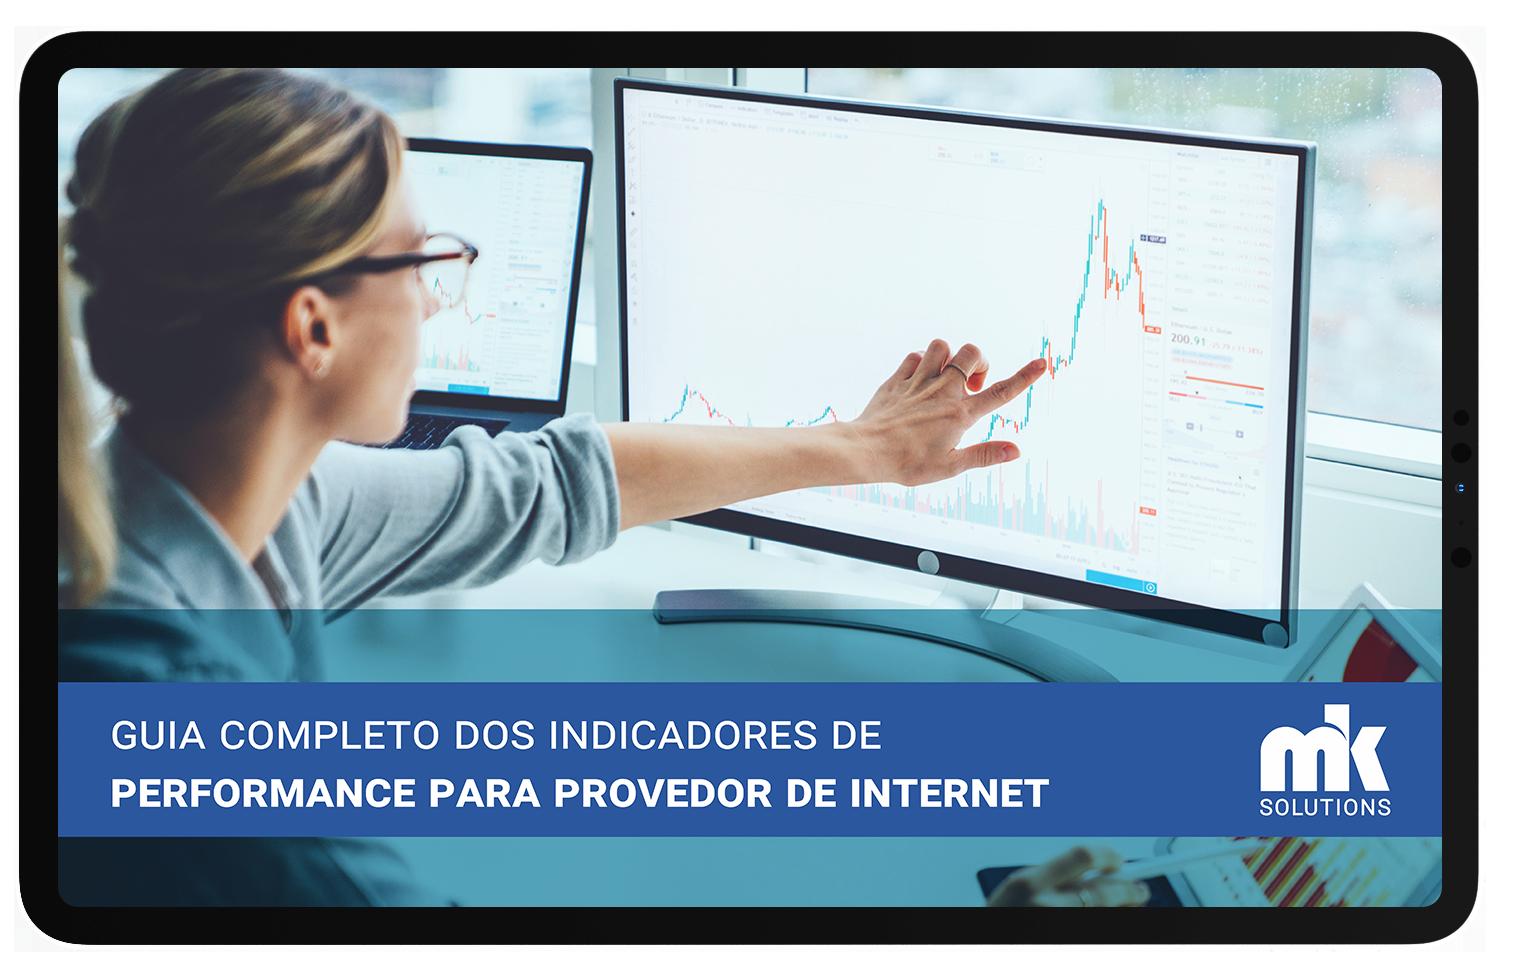 Guia dos indicadores de performance para provedores de internet
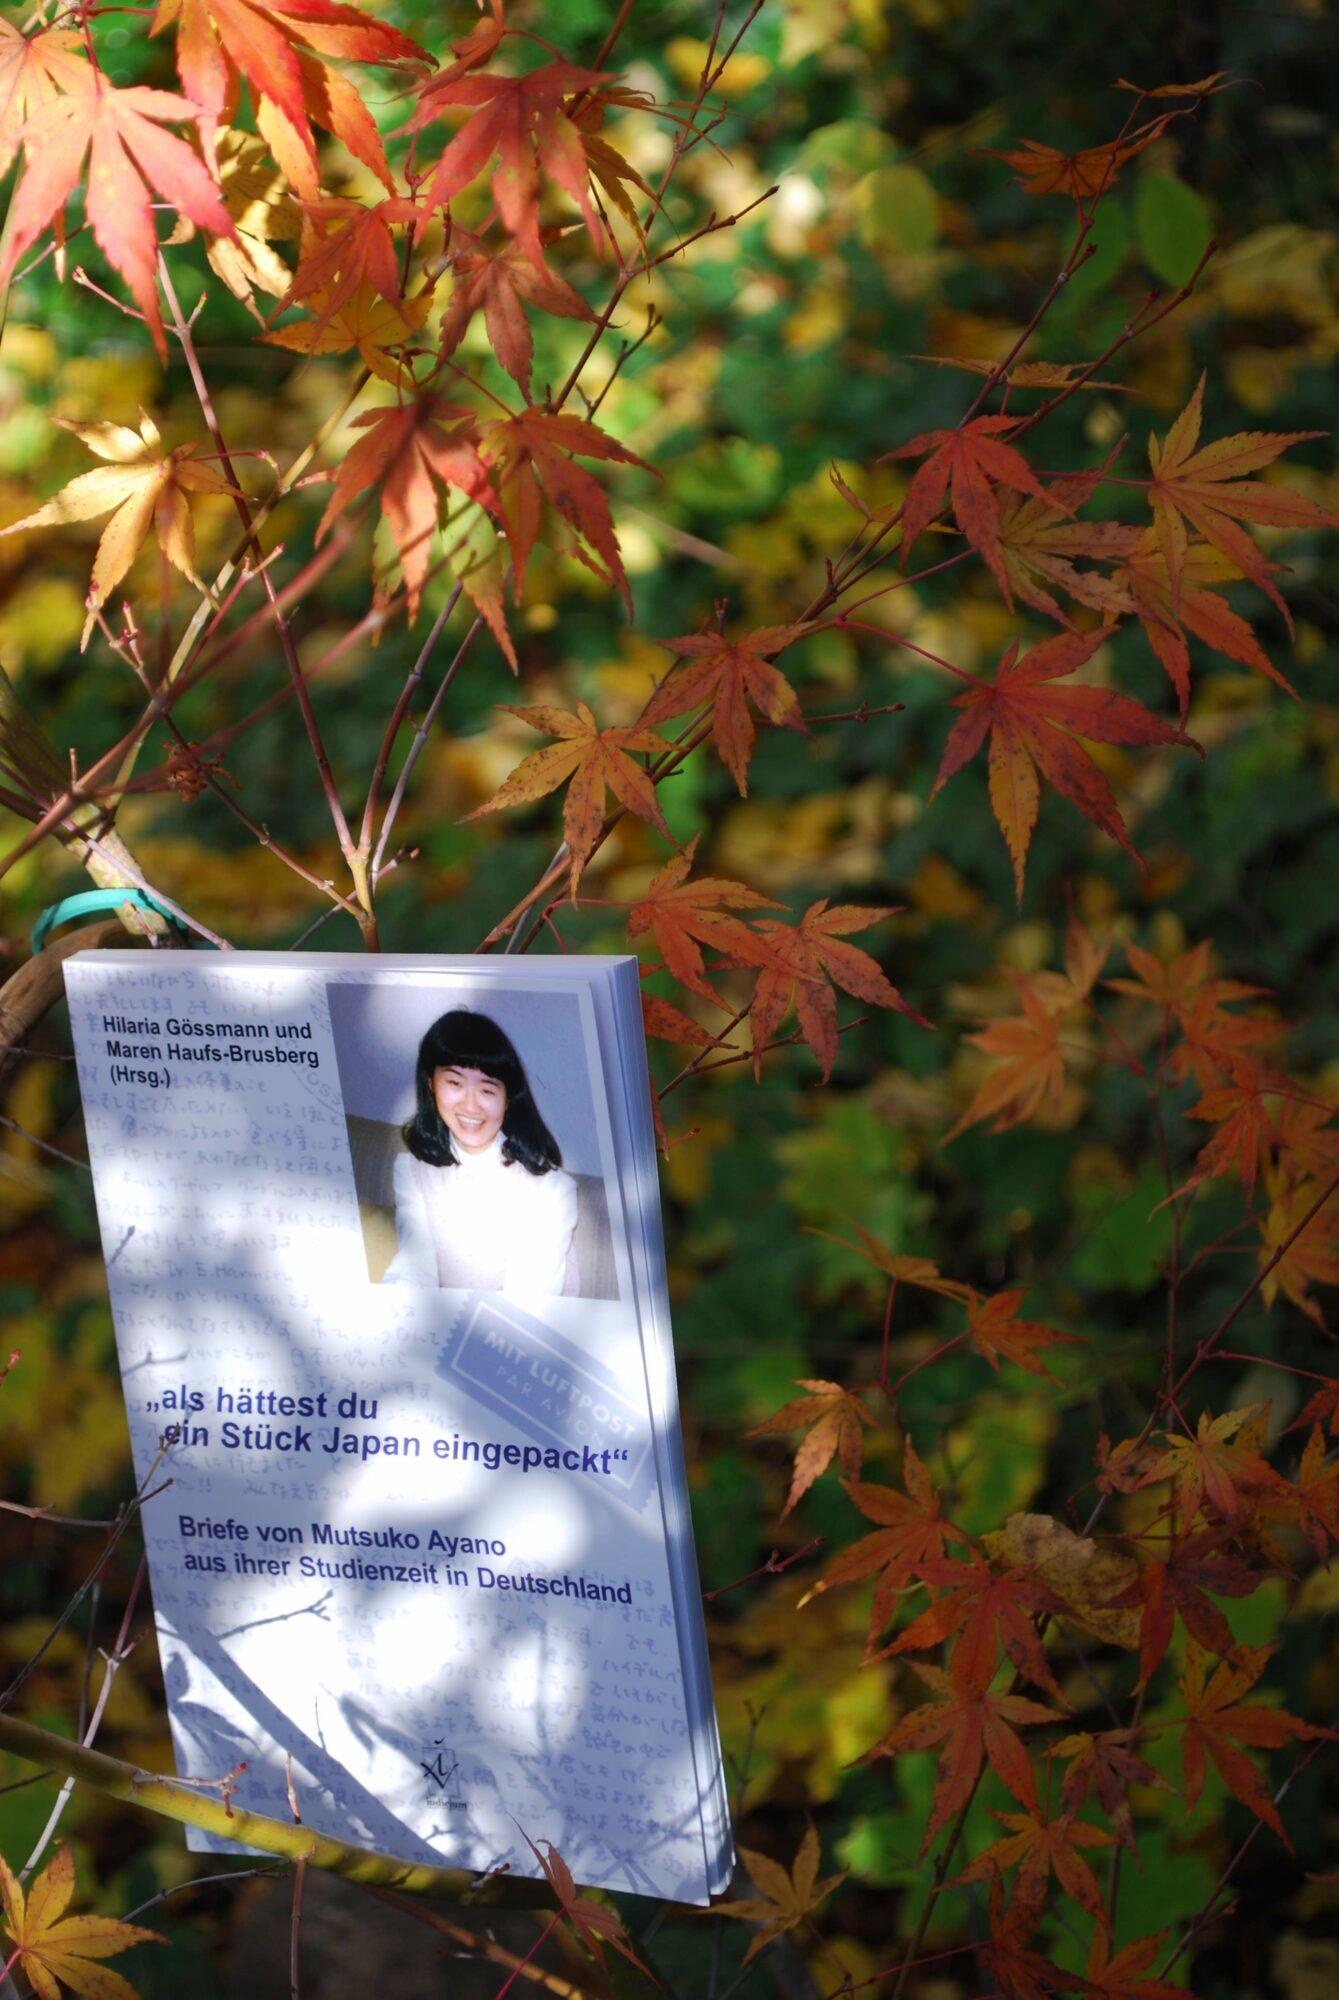 Buch-Cover von Mutsuko Ayano an einem Ast herbstlich gefärbten Japan-Ahorns
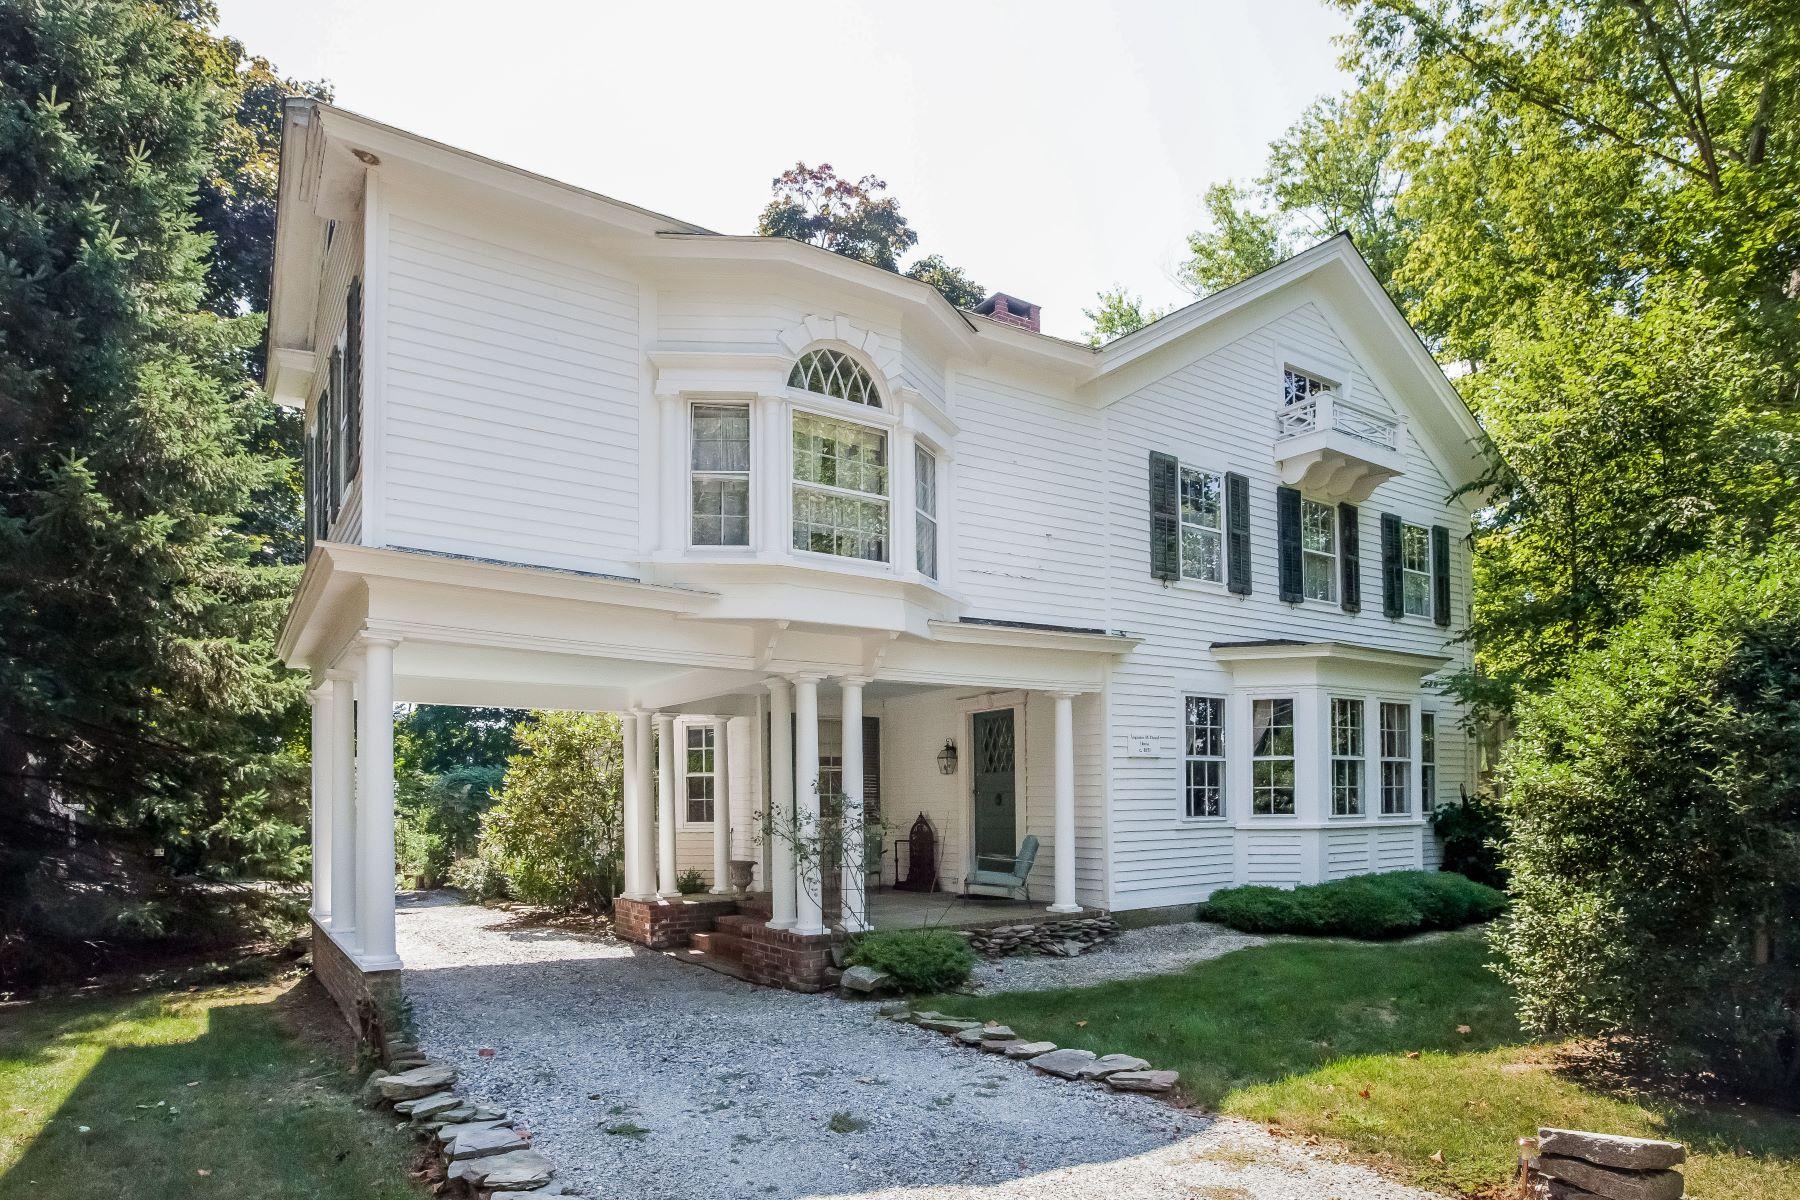 Villa per Vendita alle ore 318 Boston Post Road Madison, Connecticut, 06443 Stati Uniti
..........
## Exercise
The copy must match every line of the data exactly and contain no pictures.

## Output of the task
 Guia dos indicadores de performance para provedores de internet
 Buch-Cover von Mutsuko Ayano an einem Ast herbstlich gefärbten Japan-Ahorns
 Villa per Vendita alle ore 318 Boston Post Road Madison, Connecticut, 06443 Stati Uniti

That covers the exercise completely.